Vênus opera em um fuso horário próprio, e radicalmente diferente do nosso. O planeta vizinho completa uma volta em torno de si mesmo — o chamado dia sideral — em 243 dias terrestres. O paradoxo é que seu ano, o tempo que leva para orbitar o Sol, é mais curto: apenas 225 dias. Um dia venusiano é, portanto, mais longo que um ano venusiano.
A explicação para essa anomalia temporal reside em duas características fundamentais do planeta: sua velocidade de rotação extremamente lenta e, principalmente, sua direção. Diferente da Terra e da maioria dos planetas do Sistema Solar, Vênus gira em sentido retrógrado, de leste para oeste. O resultado é que, para um hipotético observador em sua superfície, o Sol nasceria no oeste e se poria no leste.
Um relógio planetário invertido
A dinâmica orbital de Vênus cria uma distinção crucial entre o seu dia sideral e o dia solar. Enquanto o dia sideral, a rotação completa de 360 graus, leva 243 dias terrestres, o dia solar — o tempo entre um nascer do Sol e o próximo — é consideravelmente menor, com cerca de 117 dias terrestres. Essa diferença ocorre porque o planeta está se movendo em sua órbita enquanto gira lentamente para trás.

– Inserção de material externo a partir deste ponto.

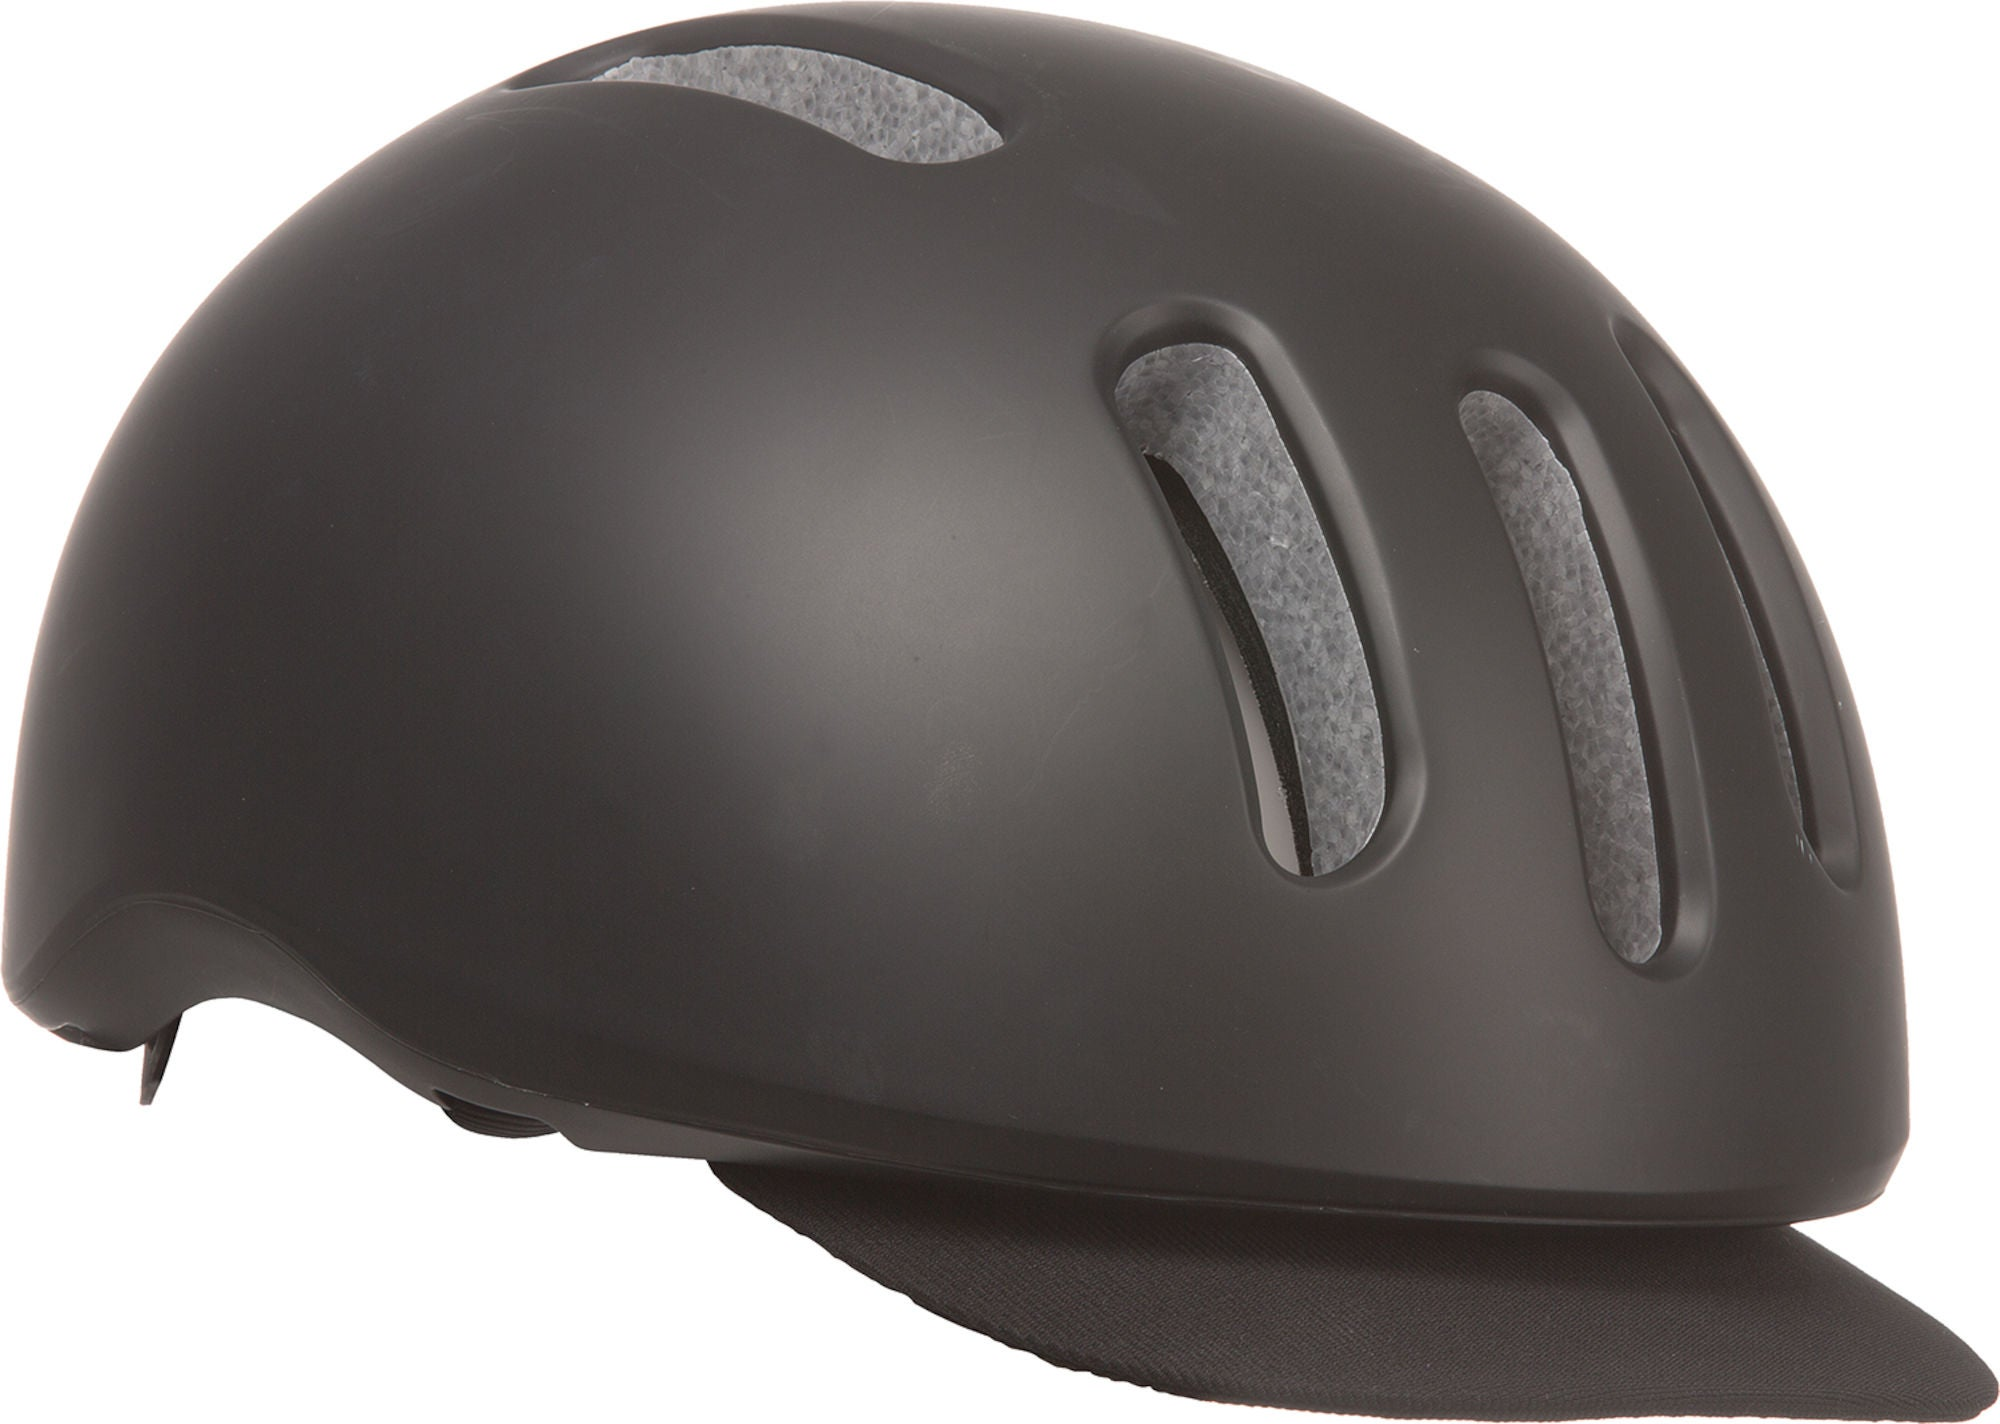 Spectra Cykelhjelm Equus 54-58 cm, Sort | Helmets

Na prática, isso se traduz em um ciclo de dia e noite de proporções épicas. Um período de luz solar contínua dura aproximadamente 58,5 dias terrestres, seguido por um período de escuridão de igual duração. É um ritmo que desafia nossa intuição, moldada pela rotação de 24 horas da Terra, e que ilustra a diversidade de configurações possíveis na formação de planetas.
O mistério da origem
Se o como o calendário de Vênus funciona é bem compreendido, o porquê de ele ter chegado a esse estado ainda é matéria de debate científico. Não há uma resposta única e comprovada. Uma das principais hipóteses, proposta ainda na década de 1970, aponta para as poderosas marés atmosféricas do planeta. A densa atmosfera venusiana, aquecida pelo Sol, poderia ter gerado um torque forte o suficiente para, ao longo de bilhões de anos, frear e até reverter a rotação original do planeta.
Outra linha de investigação considera a possibilidade de um ou mais impactos massivos durante a juventude do Sistema Solar. Uma colisão com um corpo celeste de grande porte poderia ter alterado drasticamente o eixo e a velocidade de rotação de Vênus. Contudo, essa hipótese é mais difícil de comprovar e não exclui a influência de outros fatores.
O consenso atual é que a configuração de Vênus provavelmente não é fruto de um único evento, mas sim da interação complexa de múltiplas forças ao longo de sua história geológica. A gravidade do Sol, a densa atmosfera e talvez eventos caóticos primordiais se combinaram para criar o mundo com o tempo invertido que observamos hoje. Entender essa cadeia de eventos é um dos objetivos centrais das futuras missões de exploração do planeta.